WHAT YOU NEED TO DO: Could you filter the material and copy every line where the word "Vector" occurs?

AVAILABLE DATA:
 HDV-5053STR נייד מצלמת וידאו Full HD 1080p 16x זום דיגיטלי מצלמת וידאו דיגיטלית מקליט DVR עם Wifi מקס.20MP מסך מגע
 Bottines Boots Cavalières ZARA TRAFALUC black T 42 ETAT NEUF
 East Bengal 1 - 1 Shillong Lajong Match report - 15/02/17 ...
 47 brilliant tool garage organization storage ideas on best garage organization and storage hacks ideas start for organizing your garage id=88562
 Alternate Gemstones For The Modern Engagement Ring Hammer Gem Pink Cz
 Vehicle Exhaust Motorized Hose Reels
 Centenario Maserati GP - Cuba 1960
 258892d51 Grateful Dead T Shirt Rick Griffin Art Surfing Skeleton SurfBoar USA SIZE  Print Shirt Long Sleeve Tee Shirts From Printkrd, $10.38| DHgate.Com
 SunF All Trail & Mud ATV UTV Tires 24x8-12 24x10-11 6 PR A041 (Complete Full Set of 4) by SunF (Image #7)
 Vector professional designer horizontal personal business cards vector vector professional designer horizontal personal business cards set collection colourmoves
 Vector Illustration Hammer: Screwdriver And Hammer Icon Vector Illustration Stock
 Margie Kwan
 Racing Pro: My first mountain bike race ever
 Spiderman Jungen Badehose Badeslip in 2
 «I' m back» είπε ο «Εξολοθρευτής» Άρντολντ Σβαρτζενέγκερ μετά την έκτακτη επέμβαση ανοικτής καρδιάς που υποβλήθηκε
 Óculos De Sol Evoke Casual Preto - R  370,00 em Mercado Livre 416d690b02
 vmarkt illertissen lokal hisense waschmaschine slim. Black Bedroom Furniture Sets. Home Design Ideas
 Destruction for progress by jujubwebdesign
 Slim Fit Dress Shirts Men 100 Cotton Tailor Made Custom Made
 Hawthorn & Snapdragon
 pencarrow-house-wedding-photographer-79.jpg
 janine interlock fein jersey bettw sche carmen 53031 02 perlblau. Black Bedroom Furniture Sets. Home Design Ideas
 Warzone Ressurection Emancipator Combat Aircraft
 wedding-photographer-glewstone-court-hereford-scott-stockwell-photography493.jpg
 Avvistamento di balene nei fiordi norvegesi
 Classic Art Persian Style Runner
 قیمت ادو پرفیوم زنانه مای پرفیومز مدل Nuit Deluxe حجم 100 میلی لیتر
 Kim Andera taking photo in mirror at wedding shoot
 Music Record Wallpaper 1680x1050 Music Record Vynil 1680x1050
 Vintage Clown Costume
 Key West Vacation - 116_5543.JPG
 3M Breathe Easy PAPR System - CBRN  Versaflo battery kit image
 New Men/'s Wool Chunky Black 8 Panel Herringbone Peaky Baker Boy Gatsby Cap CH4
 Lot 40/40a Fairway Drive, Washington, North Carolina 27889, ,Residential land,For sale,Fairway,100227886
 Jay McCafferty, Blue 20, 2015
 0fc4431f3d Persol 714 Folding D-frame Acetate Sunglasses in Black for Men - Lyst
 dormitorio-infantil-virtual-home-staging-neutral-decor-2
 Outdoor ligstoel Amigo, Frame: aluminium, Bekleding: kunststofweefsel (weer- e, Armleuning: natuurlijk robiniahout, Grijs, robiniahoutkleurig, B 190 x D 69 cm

COMPLETED TASK:
 Vector professional designer horizontal personal business cards vector vector professional designer horizontal personal business cards set collection colourmoves
 Vector Illustration Hammer: Screwdriver And Hammer Icon Vector Illustration Stock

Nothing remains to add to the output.